Clinical Investigation and Reports |
From Cardiovascular Engineering, Inc, Holliston, Mass (G.F.M.); Centre hospitalier de lUniversite Laval, Ste Foy, Quebec, Canada (Y.L.); Q&T Research, Inc, Sherbrooke, Quebec, Canada (J.-P.O.); State University of New York at Buffalo, Buffalo, NY (J.L.I.); Orange County Research Center, Orange, Calif (J.N.); Bristol-Myers Squibb Pharmaceutical Research Institute, Princeton, NJ (L.J.K., A.J.B.); and Brigham and Womens Hospital, Boston, Mass (M.A.P.).
Correspondence to Gary F. Mitchell, MD, Cardiovascular Engineering, Inc, 327 Fiske St, Holliston, MA 01746. E-mail garyfmitchell{at}mindspring.com
Received December 11, 2002; de novo received May 9, 2003; revision received June 12, 2003; accepted June 13, 2003.
Background Elevated pulse pressure (PP) is associated with increased cardiovascular risk and is thought to be secondary to elastin fragmentation with secondary collagen deposition and stiffening of the aortic wall, leading to a dilated, noncompliant vasculature.
Methods and Results By use of calibrated tonometry and pulsed Doppler, arterial stiffness and pulsatile hemodynamics were assessed in 128 subjects with uncomplicated systolic hypertension (supine systolic pressure
140 mm Hg off medication) and 30 normotensive control subjects of comparable age and gender. Pulse-wave velocity was assessed from tonometry and body surface measurements. Characteristic impedance (Zc) was calculated from the ratio of change in carotid pressure and aortic flow in early systole. Effective aortic diameter was assessed by use of the water hammer equation. Hypertensives were heavier (P<0.001) and had higher PP (P<0.001), which was attributable primarily to higher Zc (P<0.001), especially in women. Pulse-wave velocity was higher in hypertensives (P=0.001); however, this difference was not significant after adjustment for differences in mean arterial pressure (MAP) (P>0.153), whereas increased Zc remained highly significant (P<0.001). Increased Zc in women and in hypertensive men was attributable to decreased effective aortic diameter, with no difference in wall stiffness at comparable MAP and body weight.
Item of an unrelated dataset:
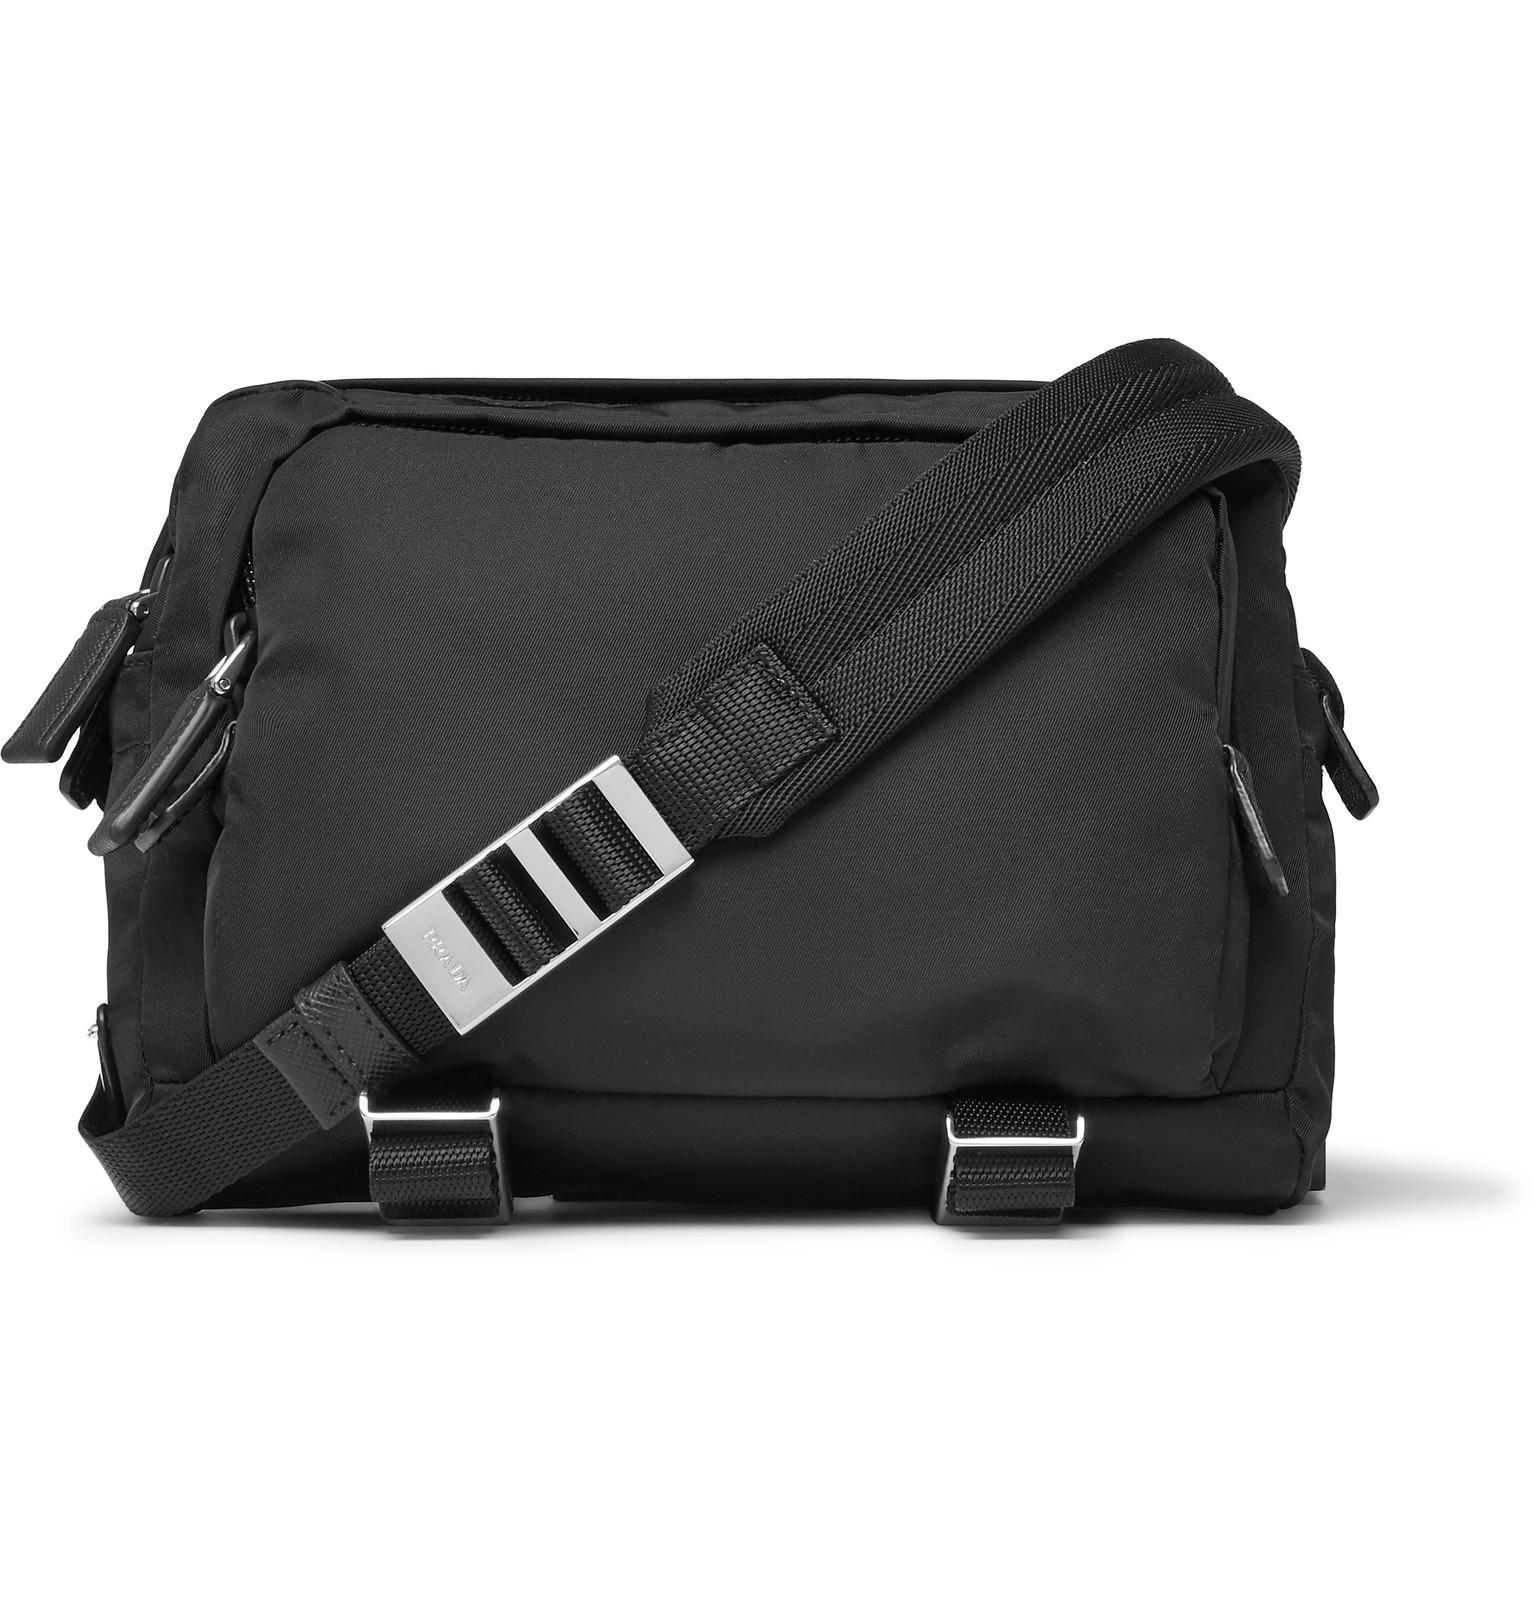 825177f5e71c21 ... norway prada nylon camera bag in black for men lyst a5bab 53104

Conclusions Elevated PP in systolic hypertension was independent of MAP and was attributable primarily to elevated Zc and reduced effective diameter of the proximal aorta. These findings are not consistent with the hypothesis of secondary aortic degeneration, dilation, and wall stiffening but rather suggest that aortic function may play an active role in the pathophysiology of systolic hypertension.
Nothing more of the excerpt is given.